Word for word, restate the listing that follows and leave out the images.

====== Supplied data ======

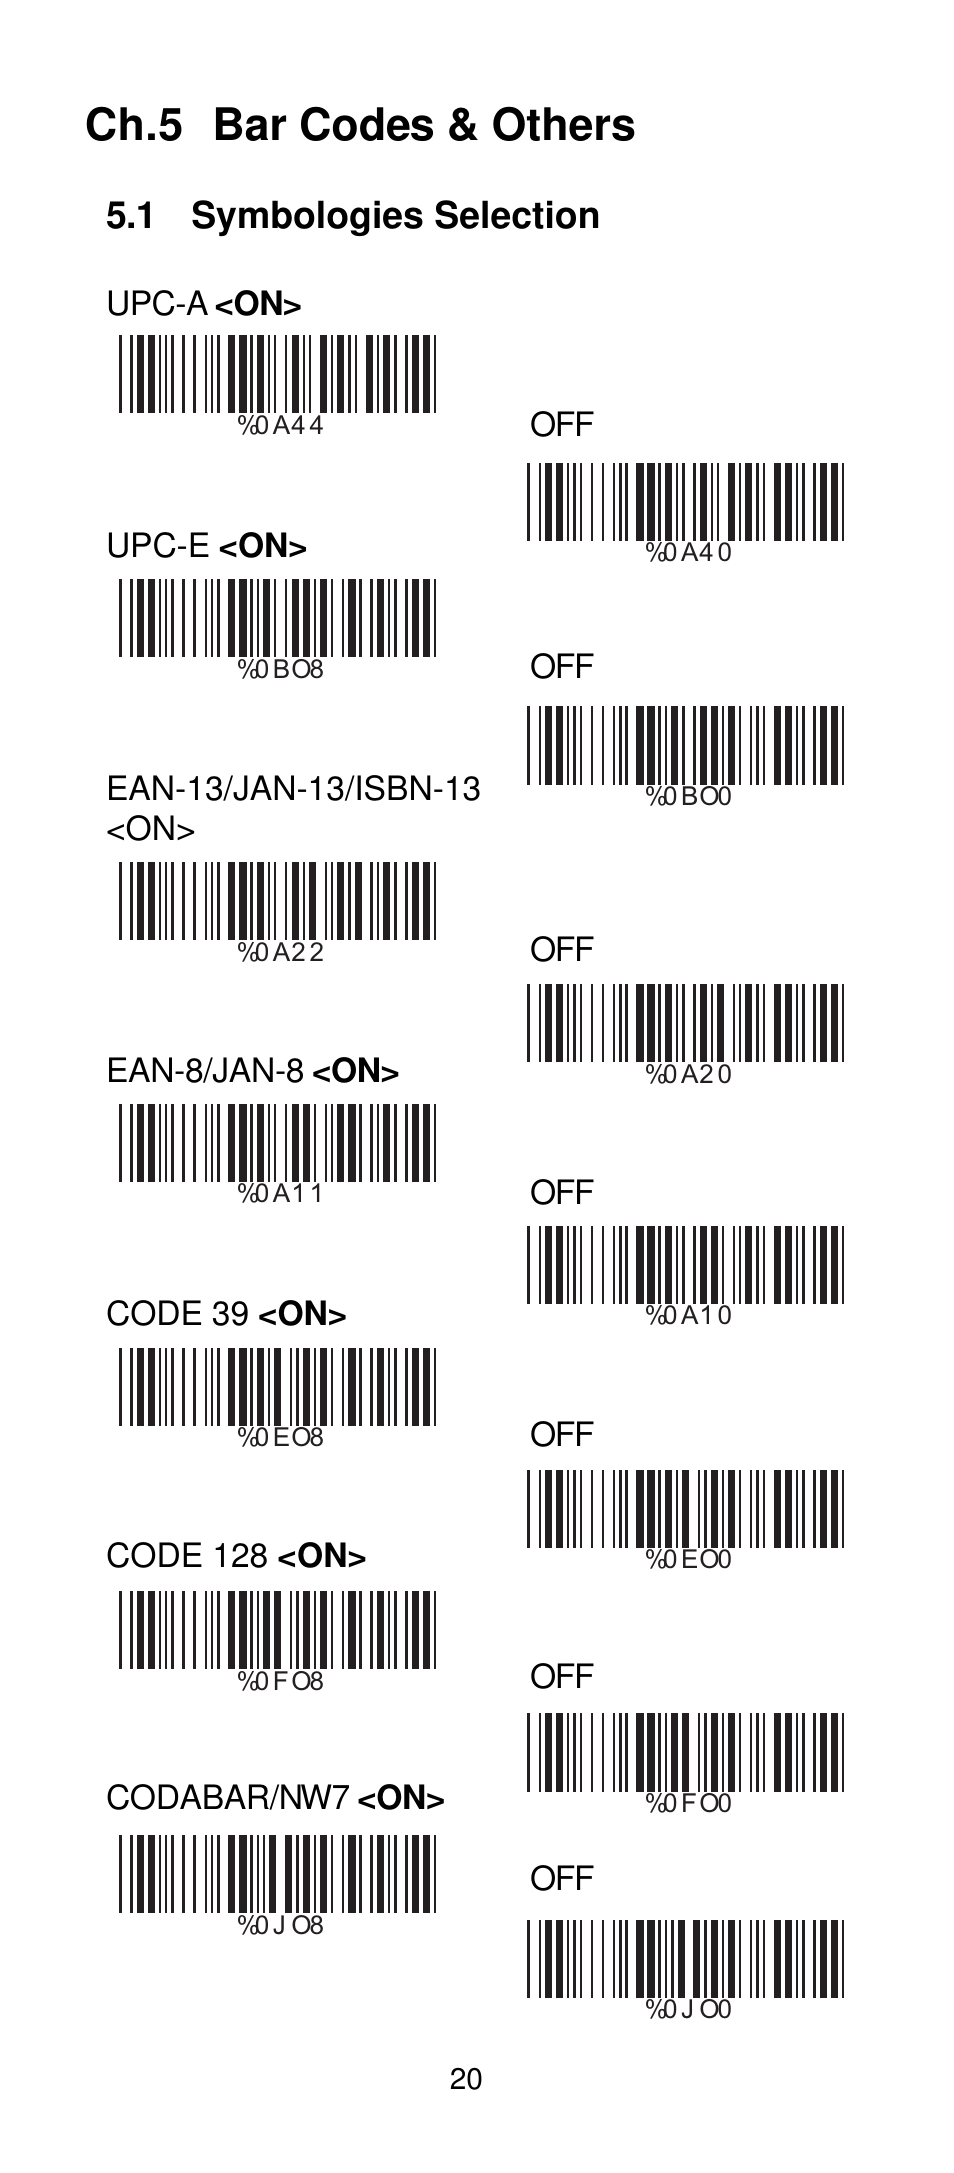 Ch.5 bar codes & others, 1 symbologies selection | Manhattan 401517 Contact  CCD Barcode Scanner - Programming Manual User Manual | Page 23 / 80 |  Original mode
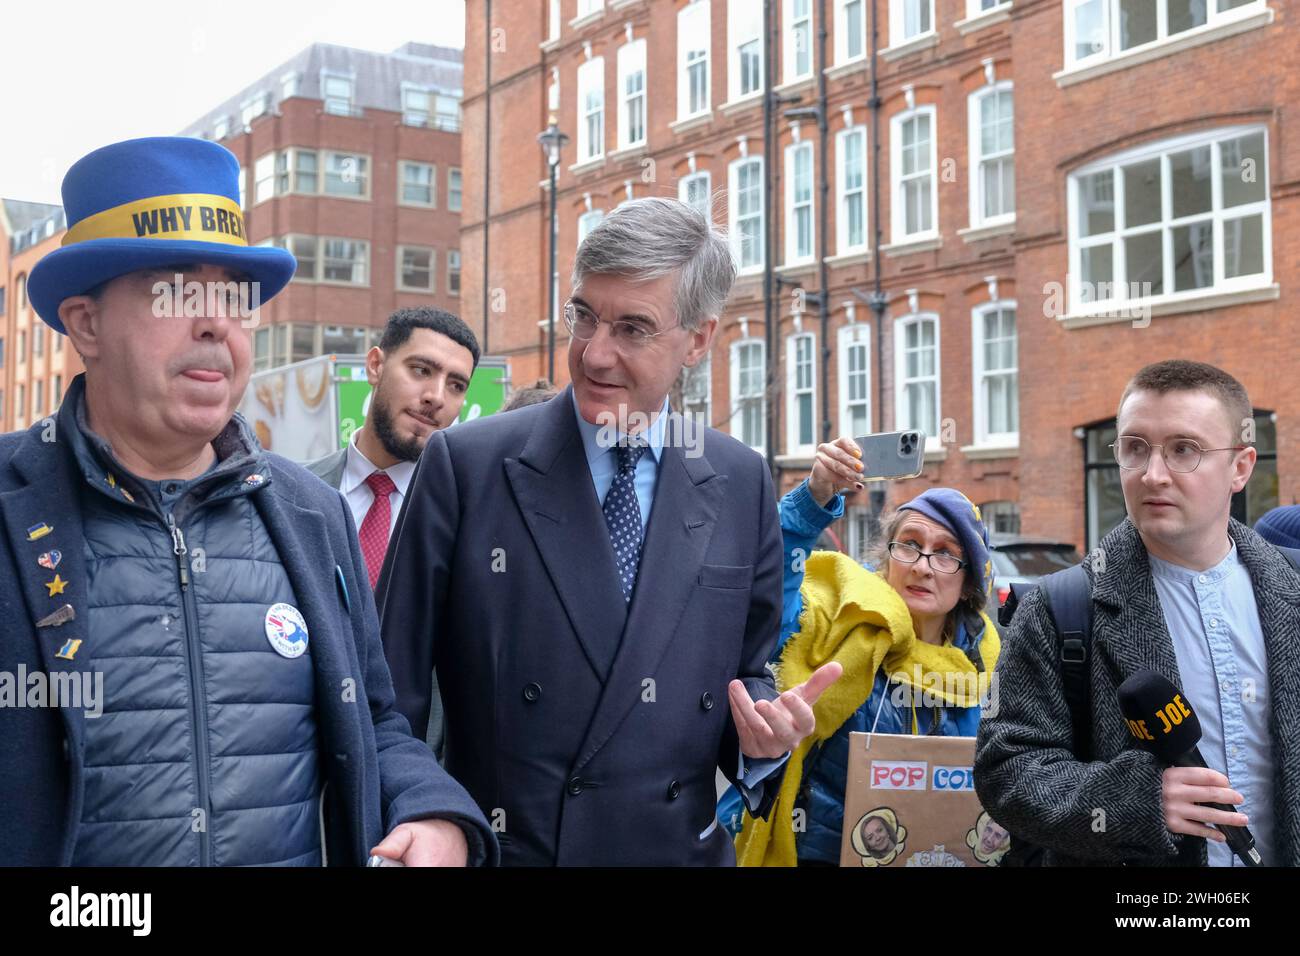 London, UK, 6th February, 2024. Jacob Rees-Mogg leaves the Emmanuel Centre after attending the Popular Conservatism launch event. The former Cabinet Minister debates with anti-Brexit activist Steve Bray. Credit: Eleventh Hour Photography/Alamy Live News Stock Photo
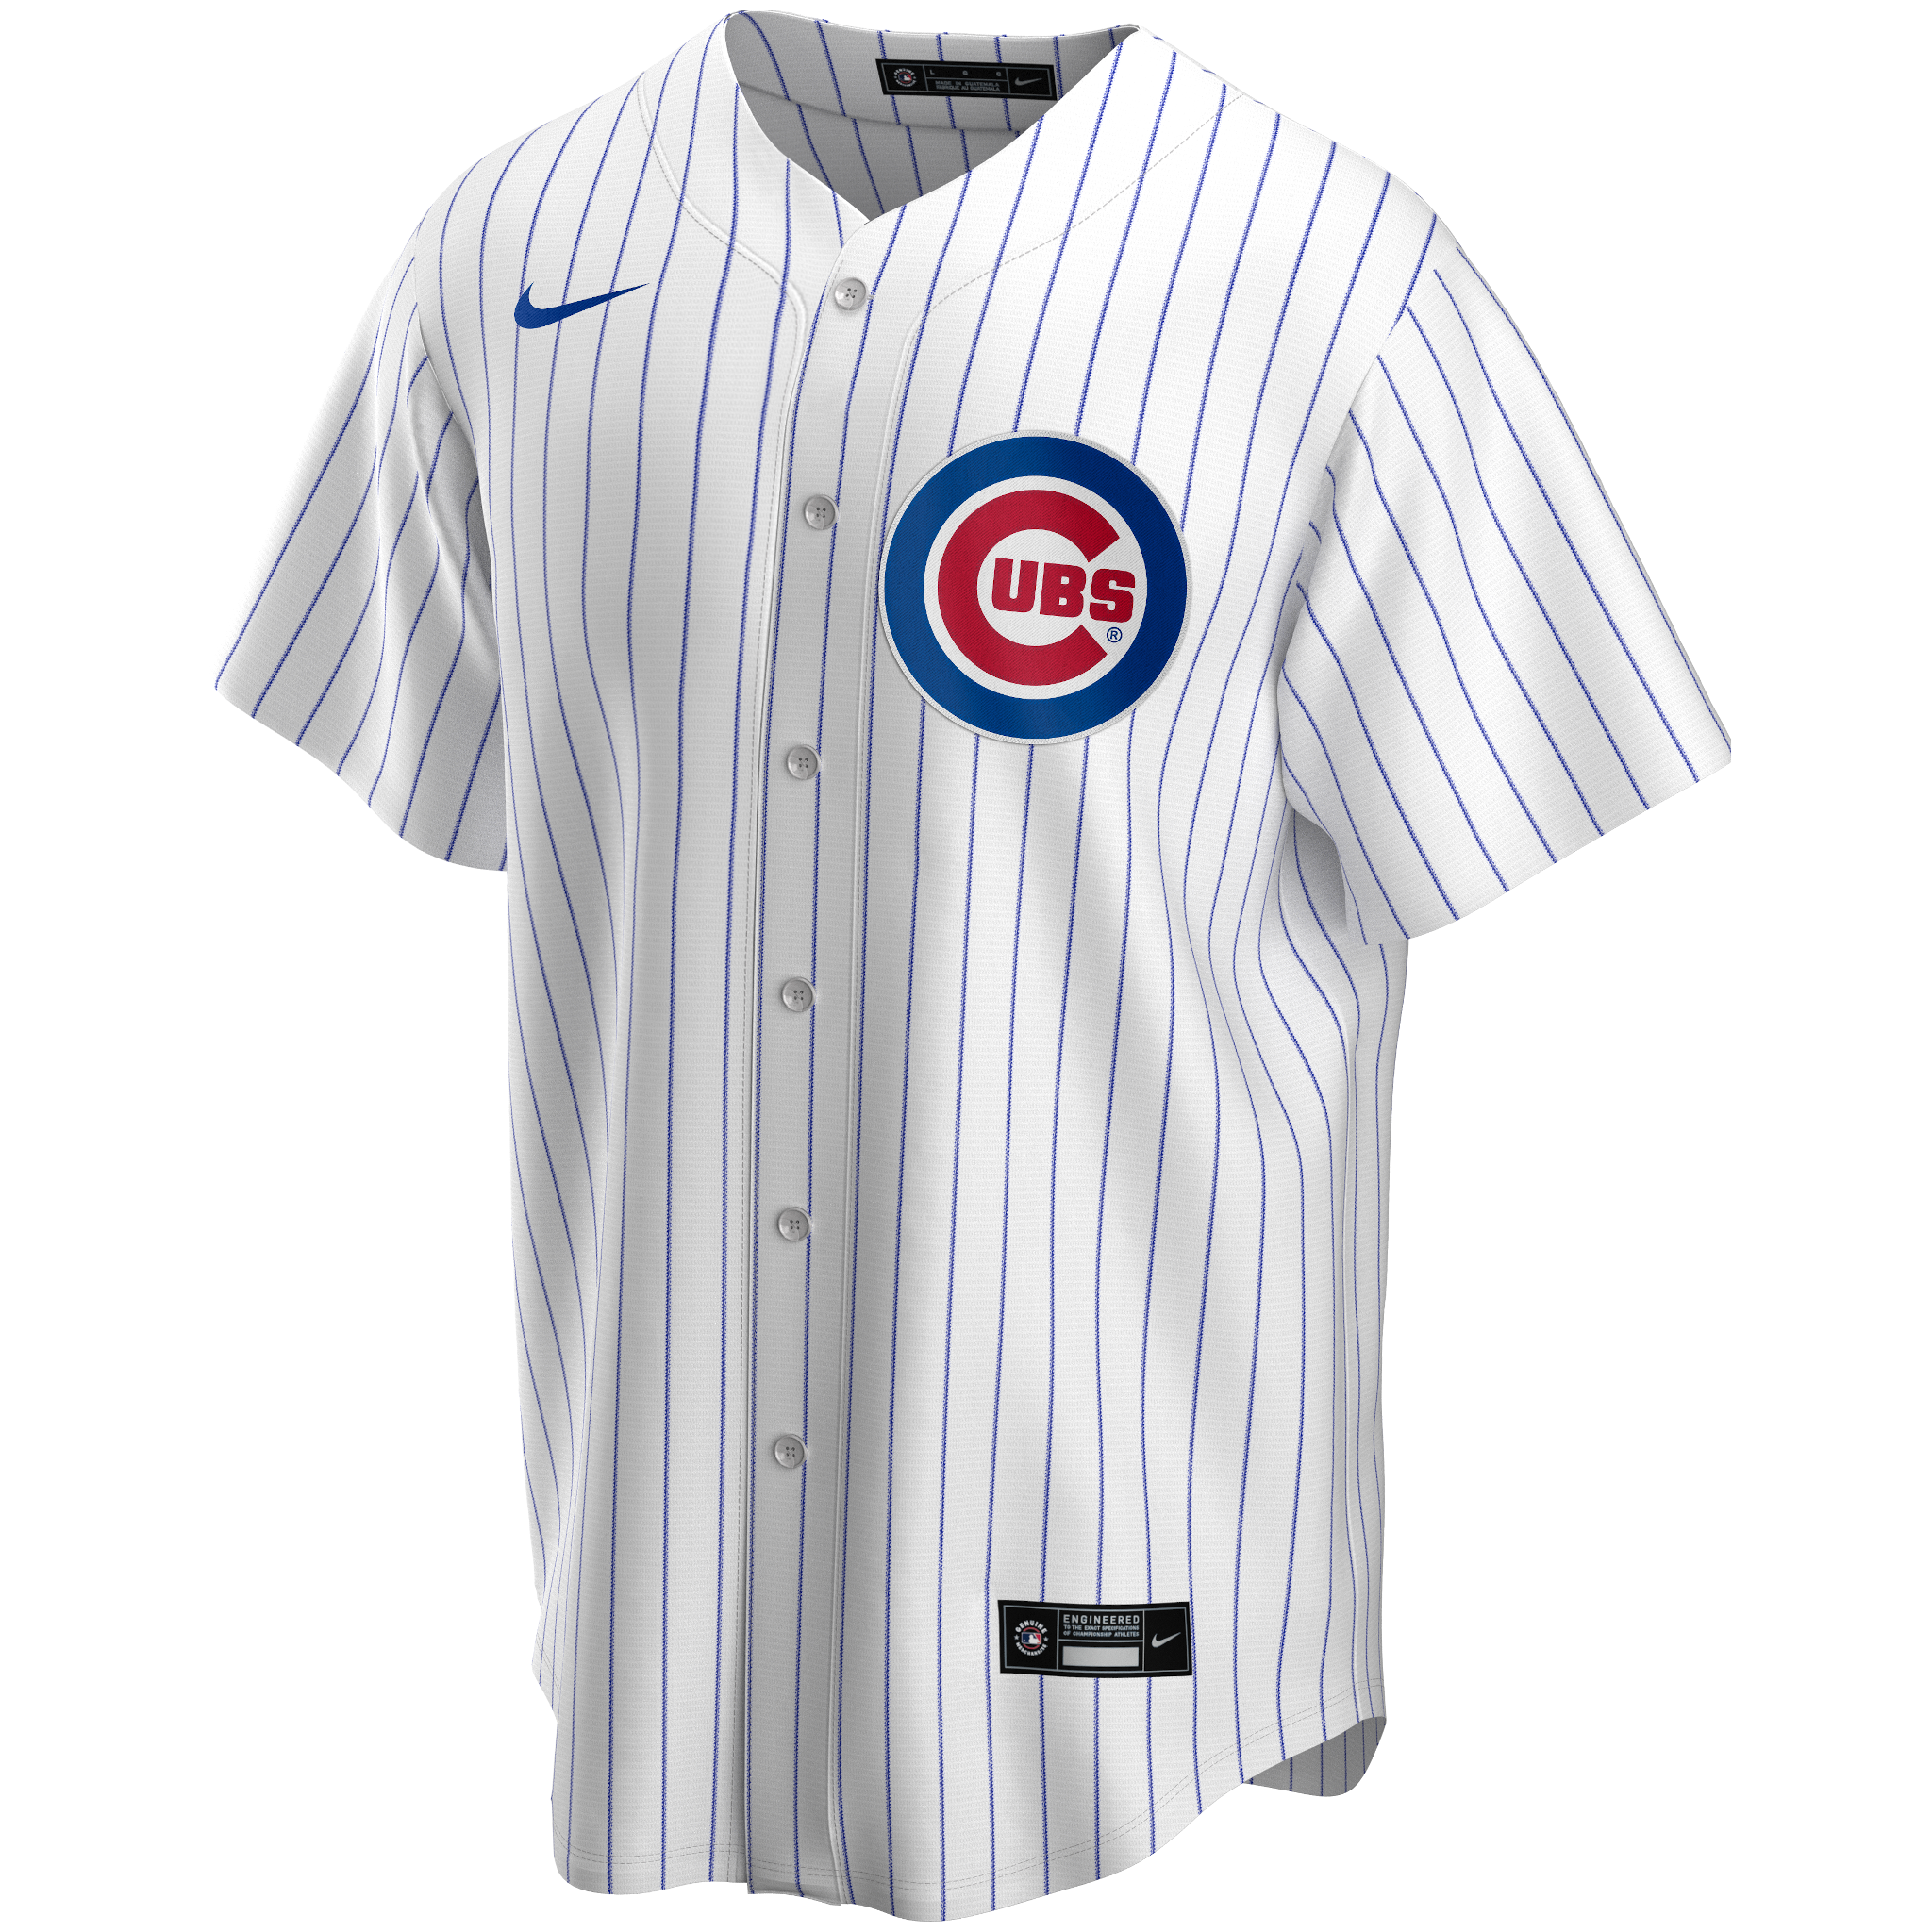 youth cubs bryant jersey

======

- **Output**:
 Ch.5 bar codes & others, 1 symbologies selection | Manhattan 401517 Contact  CCD Barcode Scanner - Programming Manual User Manual | Page 23 / 80 |  Original mode
 London, UK, 6th February, 2024. Jacob Rees-Mogg leaves the Emmanuel Centre after attending the Popular Conservatism launch event. The former Cabinet Minister debates with anti-Brexit activist Steve Bray. Credit: Eleventh Hour Photography/Alamy Live News Stock Photo
 youth cubs bryant jersey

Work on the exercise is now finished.